Executive Decisions, Eric Holder, and Marijuana Re-Scheduling

Christopher Ingraham at The Washington Post’s Wonkblog has a terrific piece up today on Eric Holder’s refusal to use executive branch authority under the Controlled Substances Act to reclassify marijuana as a less harmful substance. The crucial portion is here:  

The crowning inconsistency of the federal drug control system has always been the classification of marijuana as a Schedule 1 substance under federal law, which makes it among the Worst of the Worst drugs as far as the DEA is concerned – literally as bad as heroin, and worse than cocaine! Drug reform advocates have pushed the DEA to change its position for years, citing decades of research on the relative harmlessness of weed compared to other drugs – including alcohol – but the agency hasn’t budged, even as public opinion has rapidly evolved.

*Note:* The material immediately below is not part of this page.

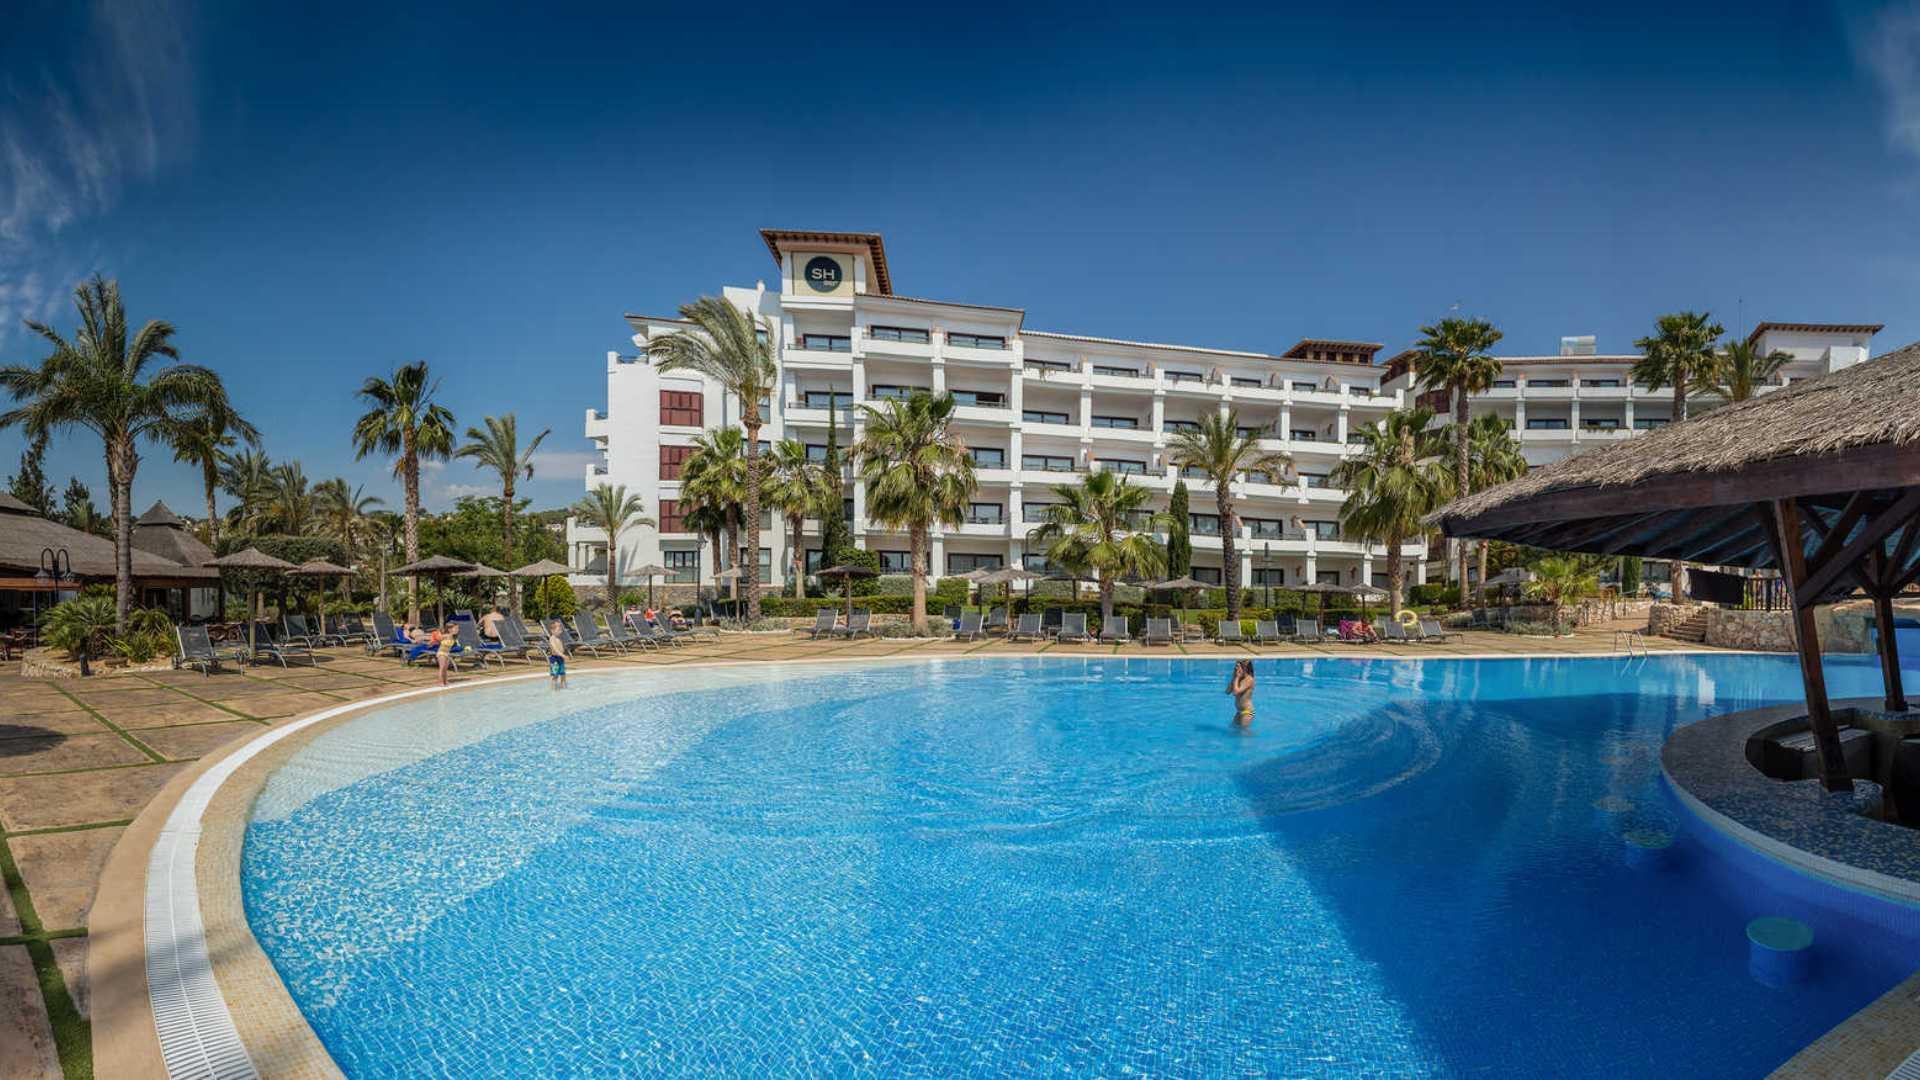 sh villa gadea beach hotel en altea

The Controlled Substances Act, which set up the drug schedules in the early 1970s, explicitly places drug scheduling authority in the hands of the attorney general, and even instructs him or her to “remove any drug or other substance from the schedules if he finds that the drug or other substance does not meet the requirements for inclusion in any schedule.”

Much to the chagrin and outright befuddlement of drug law reformers, however, outgoing attorney general Eric Holder has repeatedly stated that any changes to the scheduling status of marijuana should be made by Congress.

Ingraham then explains that

a bipartisan group of congressmen asked the administration to [re-schedule marijuana] … In essence, the Justice Department and Congress are both begging each other to fix federal marijuana laws, but nobody’s doing anything.

As Ingraham writes, “Welcome to Washington in 2014.”